Memasuki sesi kedua, Anam memperkenalkan pembuatan PSB. Mikroba ini, kata Anam, berperan penting dalam membantu tanaman memaksimalkan proses fotosintesis. Ia mempraktikkan cara membuat larutan PSB menggunakan bahan lokal seperti air kolam, susu, dan molase, yang kemudian difermentasi selama beberapa hari. “PSB ini bisa diaplikasikan pada semua jenis tanaman, mulai dari padi, jagung, hingga sayuran, untuk meningkatkan pertumbuhan dan ketahanan terhadap penyakit,” ujarnya.

Sesi terakhir adalah pembibitan konvensional. Peserta diperlihatkan cara memilih benih berkualitas dengan metode perendaman, di mana benih yang tenggelam umumnya memiliki kualitas terbaik. Benih kemudian direndam dalam larutan organik untuk memperkuat daya tumbuh, sebelum dipindahkan ke lahan atau polybag. Anam menekankan pentingnya teknik pemindahan bibit agar akar tidak rusak dan tanaman tidak mengalami stres.

Sepanjang kegiatan, suasana berjalan interaktif. Anggota PKK bertanya bagaimana mengaplikasikan POC pada tanaman hias dan sayuran di pekarangan rumah. Anggota kelompok tani menanyakan cara mengombinasikan PSB dengan pupuk organik padat. Bahkan ada diskusi tentang cara mengurangi hama tanpa menggunakan pestisida kimia. Anam menjawab seluruh pertanyaan dengan rinci, disertai demonstrasi langsung di lahan percontohan di samping balai desa.
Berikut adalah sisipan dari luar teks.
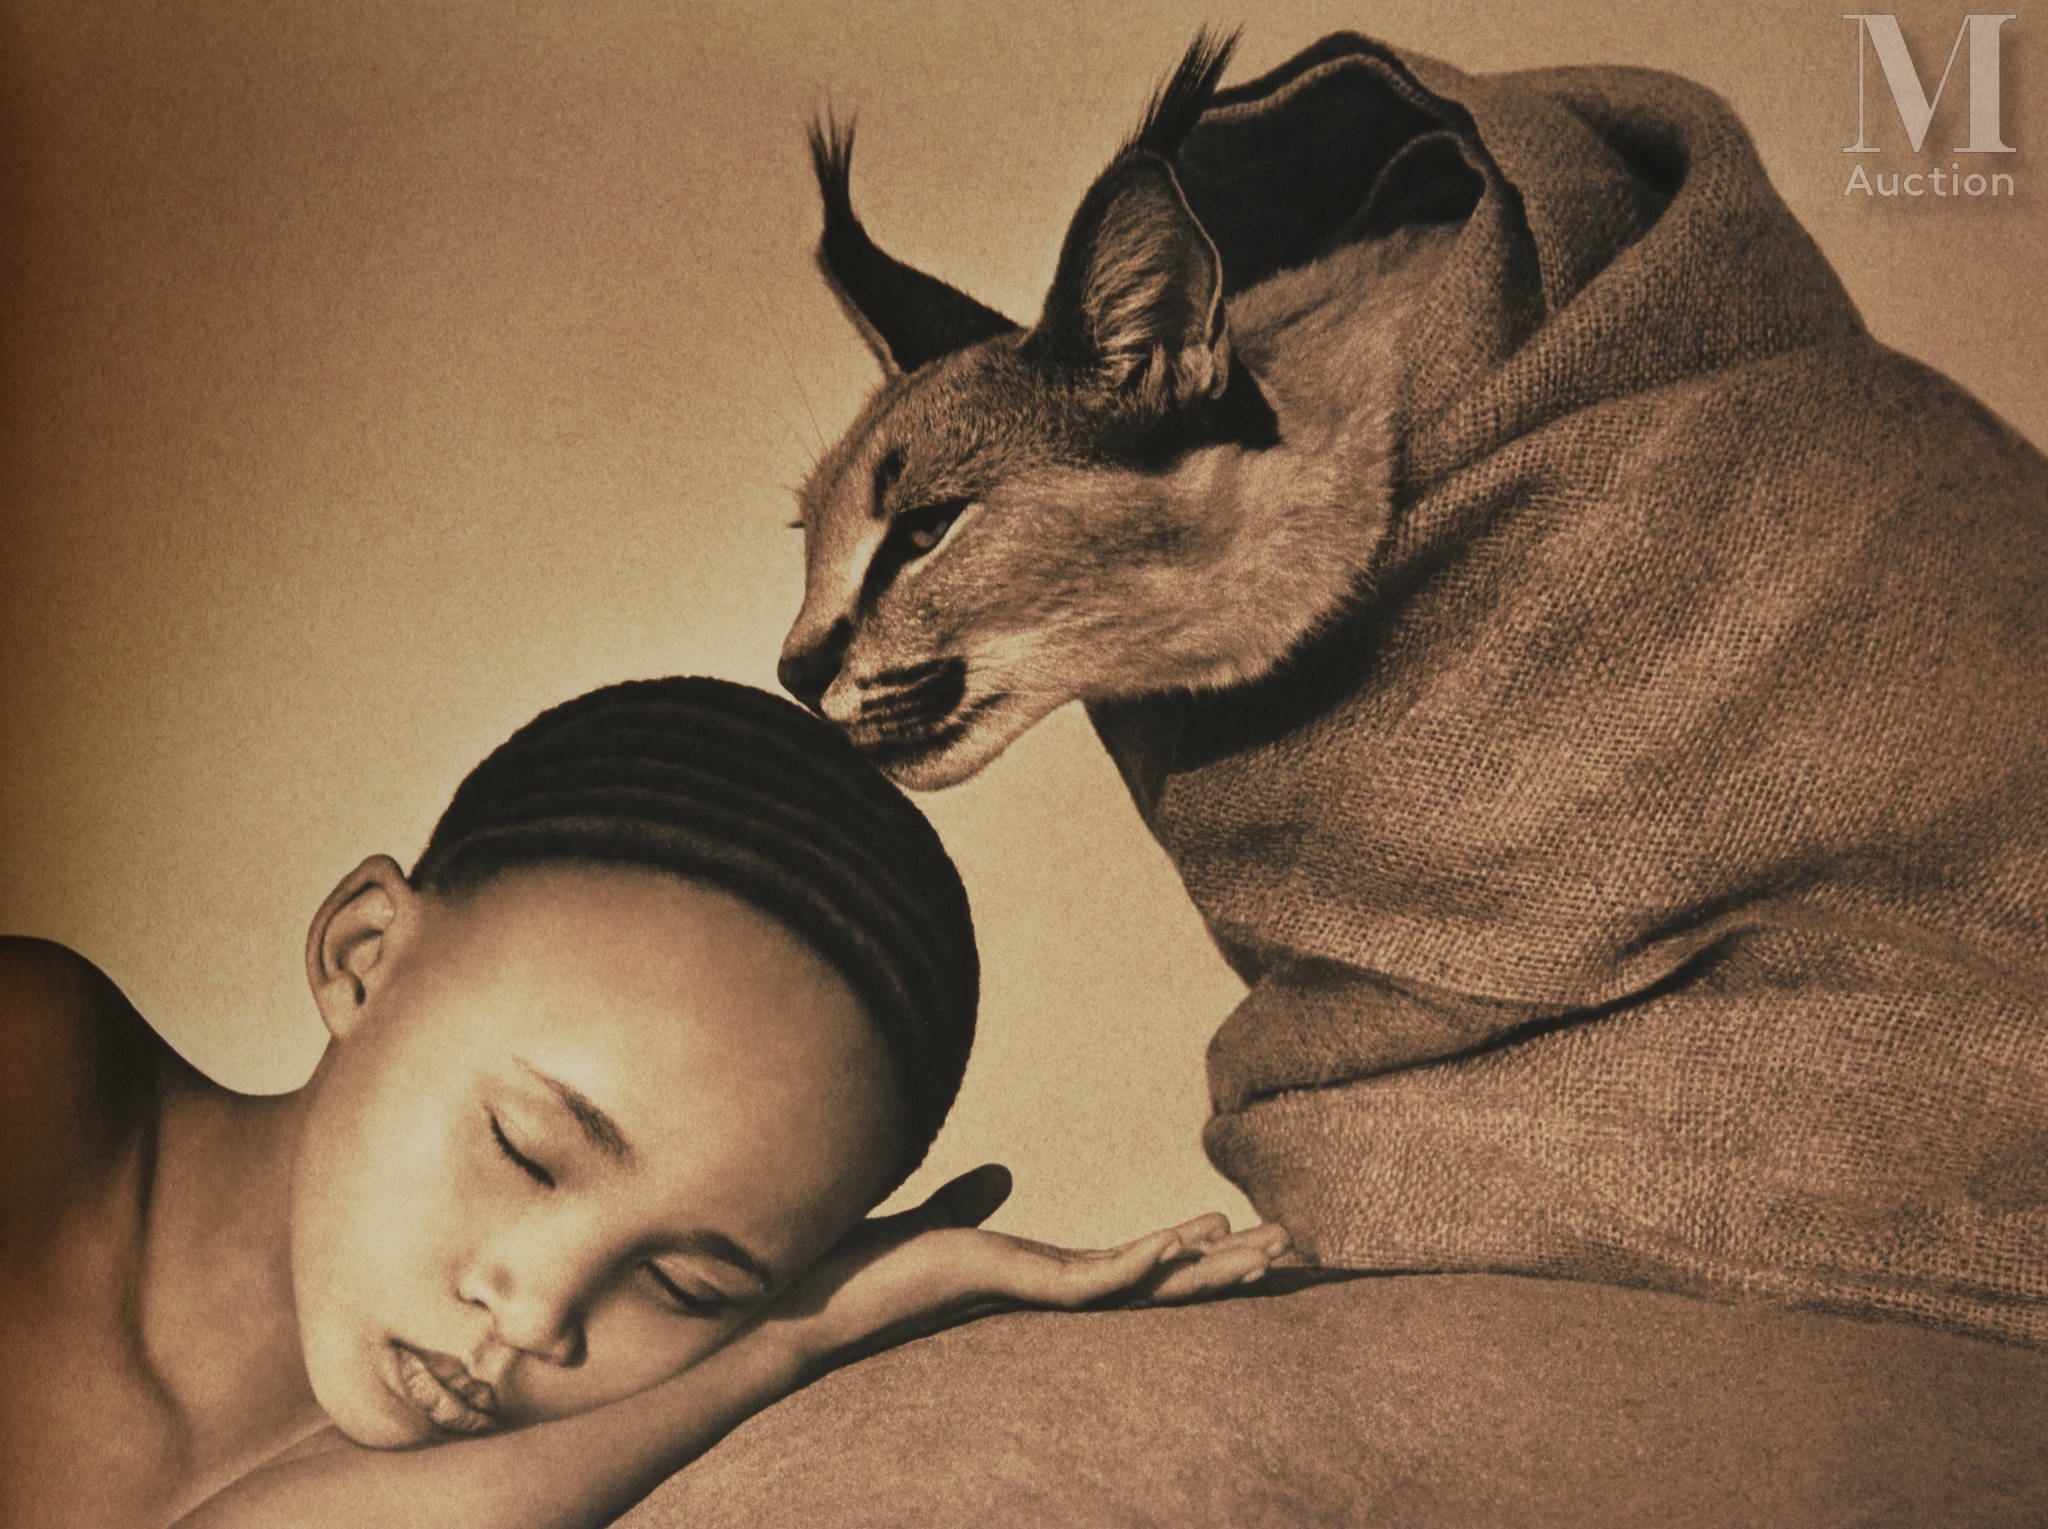 Artwork by Gregory Colbert, Ashes and Snow

Husen, seorang petani jagung, mengaku sangat terbantu dengan pelatihan ini. “Selama ini limbah dapur di rumah hanya dibuang. Ternyata bisa diubah menjadi pupuk cair yang sangat berguna. Ditambah PSB, hasil tanaman pasti lebih bagus,” katanya. Sementara itu, Ibu Siti, anggota PKK, berencana mempraktikkan pembuatan POC bersama kelompoknya dan membagikannya kepada warga yang belum sempat hadir.

Workshop ditutup dengan penyerahan paket bibit, larutan starter POC, dan PSB kepada perwakilan kelompok tani dan PKK. Kepala Desa berharap agar pengetahuan ini diterapkan secara konsisten dan disebarluaskan, sehingga manfaatnya dapat dirasakan oleh seluruh warga desa.

Program ini menjadi bukti bahwa mahasiswa KKN UIM Posko 06 tidak hanya berperan sebagai pelaku pengabdian masyarakat, tetapi juga sebagai agen perubahan yang menjembatani inovasi teknologi dan kearifan lokal. Dengan penerapan Hybrid Farming, Desa Samiran diharapkan mampu menjadi model pertanian berkelanjutan yang meningkatkan produktivitas, menjaga kelestarian lingkungan, dan memperkuat ketahanan pangan masyarakat.